After reviewing a duplicate of the tract on July 22, Council President Kevin Killer ordered the Jesus Is King Mission and the missionary who allegedly produced and distributed the fabric, Matthew Monfore, to go away the Oglala Lakota Sioux Nation “immediately and stop any further hate speak motion.”
During open discussion before the council, Lori McAfee, C.E.O. and president of Wings As Eagles Ministries, which sponsors the Dream Center, denied any connection to the incident or the missionary who distributed the fabric, explaining to the council that she had been blindsided by the controversy. The council ordered an investigation into the events leading as much as the distribution of the pamphlet and the middle’s ongoing presence at Pine Ridge.
“We’re at some extent, where we as a collective either revive our Lakota lifestyle or the following generations will lose it ceaselessly.”

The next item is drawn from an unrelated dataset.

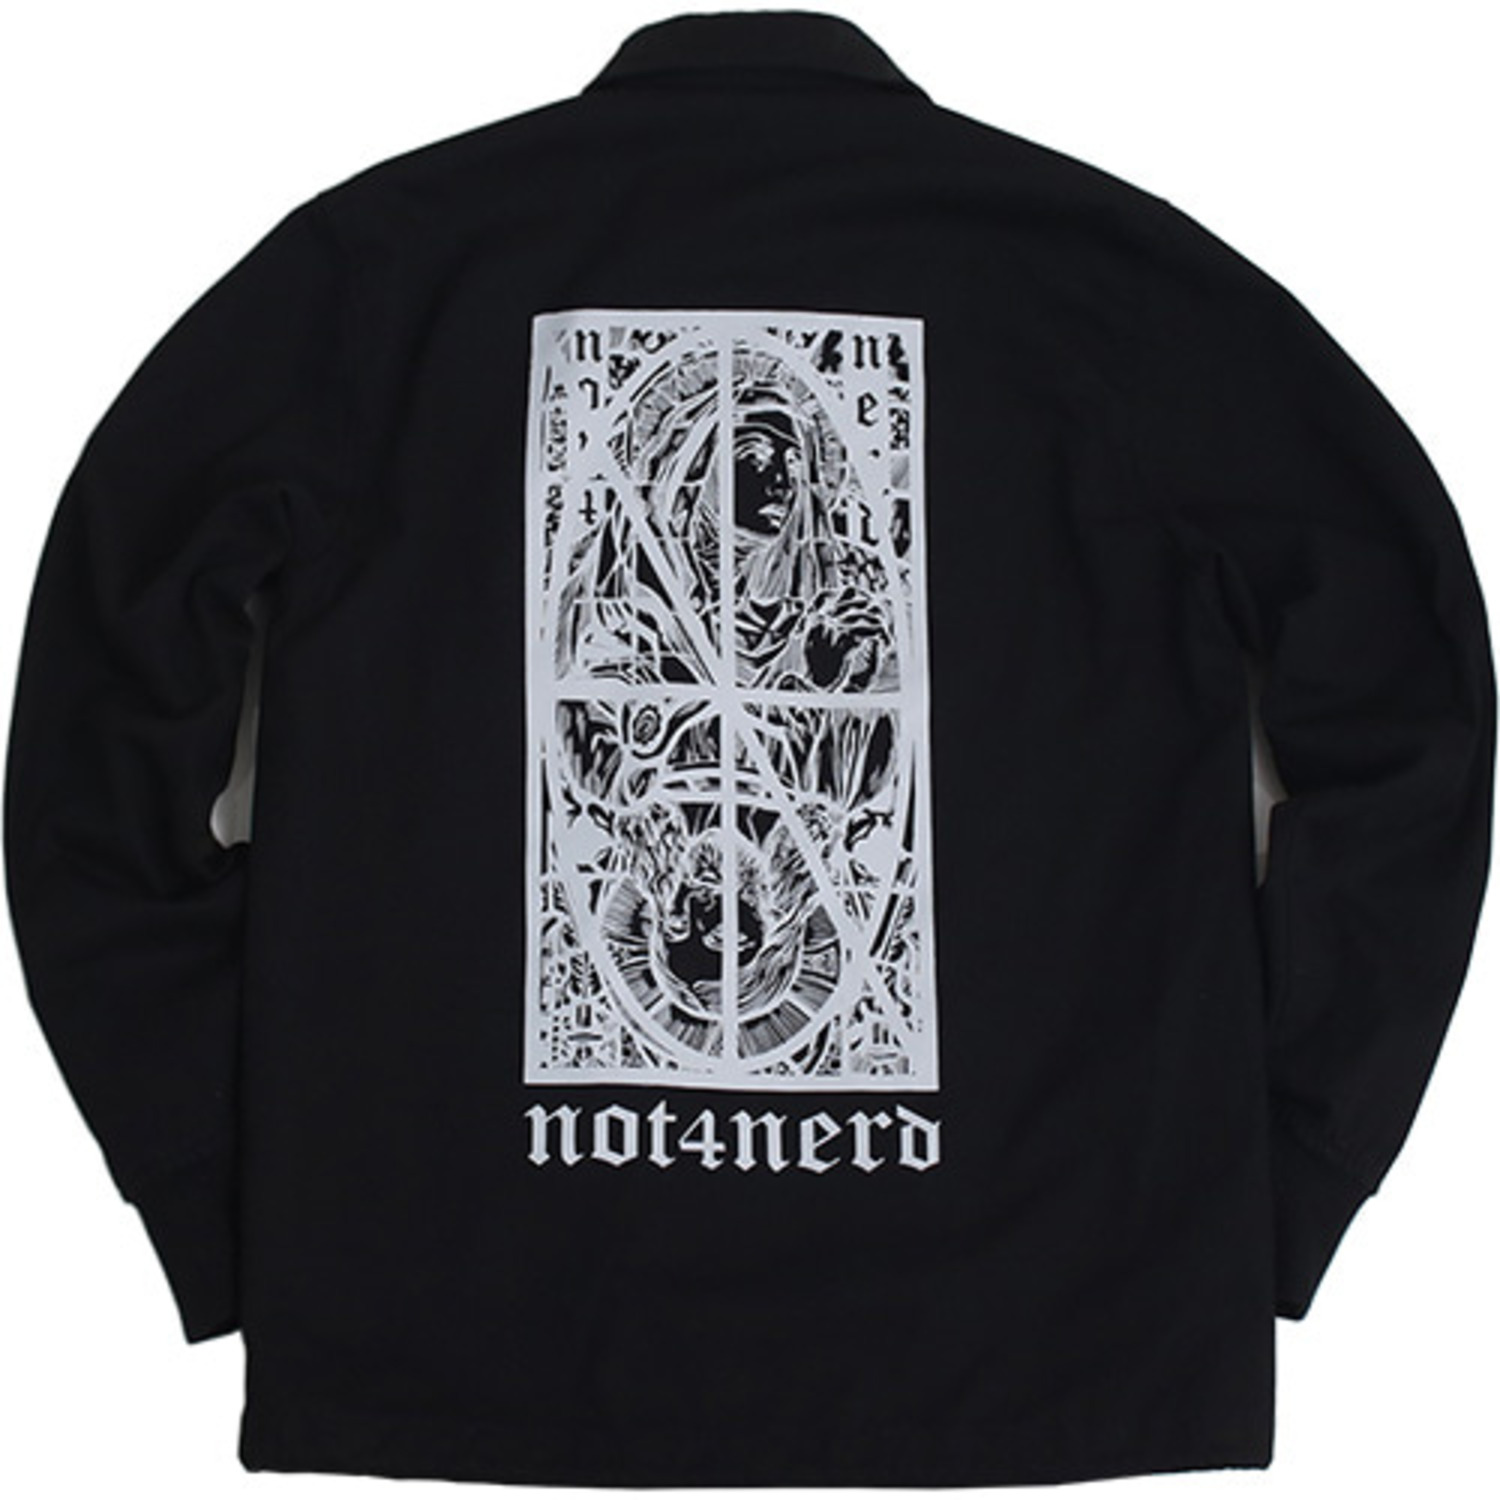 Two Faces Twill Coach Jacket [Black],NOT4NERD

Within the wake of the controversy, all Christian missions on the reservation face latest scrutiny. The Catholic legacy at Pine Ridge was noted with particular bitterness by one other young Lakota woman who addressed the council before the vote. “Our nation is currently living within the aftermath of a cultural genocide that was committed by the Catholic Church and the U.S. government, who still have to be held accountable for his or her actions,” said Eleanor Ferguson, reading an announcement on behalf of the International Indigenous Youth Council. “Our lifestyle has been under attack since Christopher Columbus set foot on Turtle Island and inserted the Doctrine of Discovery upon our Indigenous nations. The Doctrine of Discovery gave the church the authority to justify murdering and raping our women and kids, colonizing and desecrating our sacred lands within the name of Jesus Christ.
“Not one follower of the Catholic or Christian church has or will go to heaven until this vile genocide is fully acknowledged and ended.”
Ms. Ferguson faulted historical Catholic mission work, particularly its role in administering residential schools within the nineteenth and twentieth centuries, for starting cycles of intergenerational trauma that proceed to haunt the Oglala Sioux community, reflected today within the reservation’s high rates of suicide, drug addiction, intercommunal violence and hopelessness.
“We’re at some extent,” Ms. Ferguson said, “where we as a collective either revive our Lakota lifestyle or the following generations will lose it ceaselessly, which is why we’re here to demand [that] the Oglala Lakota Sioux tribal council take immediate motion against all churches and missionaries on our territory who’re using impoverished children for financial gain.
“We will not allow these people to operate on our territory until the church has been held accountable for the mass genocide they’ve committed against the Indigenous nation.”